## TASK GOAL
The expected output is the line with "ZKaoF9 - 【The" followed by every remaining line of the entries, all repeated exactly.

## RECORDS FOR THIS EXERCISE
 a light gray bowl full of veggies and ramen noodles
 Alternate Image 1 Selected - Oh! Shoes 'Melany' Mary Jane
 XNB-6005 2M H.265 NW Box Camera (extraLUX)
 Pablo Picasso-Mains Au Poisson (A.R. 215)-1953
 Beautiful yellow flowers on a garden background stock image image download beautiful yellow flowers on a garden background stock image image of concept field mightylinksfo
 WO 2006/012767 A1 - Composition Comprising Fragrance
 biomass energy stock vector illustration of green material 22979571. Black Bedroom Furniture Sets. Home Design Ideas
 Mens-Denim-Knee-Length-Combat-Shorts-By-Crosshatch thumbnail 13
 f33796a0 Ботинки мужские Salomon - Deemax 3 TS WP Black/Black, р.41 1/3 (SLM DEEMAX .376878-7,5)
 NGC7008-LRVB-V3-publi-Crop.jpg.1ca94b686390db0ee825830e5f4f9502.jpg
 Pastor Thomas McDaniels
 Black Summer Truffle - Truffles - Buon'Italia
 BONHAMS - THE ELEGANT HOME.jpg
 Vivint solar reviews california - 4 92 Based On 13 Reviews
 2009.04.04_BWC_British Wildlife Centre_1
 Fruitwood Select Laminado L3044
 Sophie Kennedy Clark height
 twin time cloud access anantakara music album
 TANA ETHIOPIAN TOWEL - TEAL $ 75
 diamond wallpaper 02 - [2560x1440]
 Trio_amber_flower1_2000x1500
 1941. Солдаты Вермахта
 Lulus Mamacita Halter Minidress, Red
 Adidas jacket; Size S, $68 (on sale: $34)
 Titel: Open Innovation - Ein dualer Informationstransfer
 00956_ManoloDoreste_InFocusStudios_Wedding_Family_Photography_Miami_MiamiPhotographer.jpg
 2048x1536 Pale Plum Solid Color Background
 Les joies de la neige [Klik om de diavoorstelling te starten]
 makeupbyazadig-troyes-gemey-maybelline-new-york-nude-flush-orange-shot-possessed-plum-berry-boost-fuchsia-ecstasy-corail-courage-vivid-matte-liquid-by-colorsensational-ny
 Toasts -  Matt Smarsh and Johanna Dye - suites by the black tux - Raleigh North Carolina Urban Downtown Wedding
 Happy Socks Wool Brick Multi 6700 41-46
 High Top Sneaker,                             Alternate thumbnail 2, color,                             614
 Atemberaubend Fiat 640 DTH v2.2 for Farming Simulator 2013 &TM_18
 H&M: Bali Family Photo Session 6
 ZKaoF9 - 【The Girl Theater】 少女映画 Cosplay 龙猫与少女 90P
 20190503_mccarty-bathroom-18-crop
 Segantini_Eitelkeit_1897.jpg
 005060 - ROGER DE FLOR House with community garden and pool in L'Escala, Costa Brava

## FINAL ANSWER
 ZKaoF9 - 【The Girl Theater】 少女映画 Cosplay 龙猫与少女 90P
 20190503_mccarty-bathroom-18-crop
 Segantini_Eitelkeit_1897.jpg
 005060 - ROGER DE FLOR House with community garden and pool in L'Escala, Costa Brava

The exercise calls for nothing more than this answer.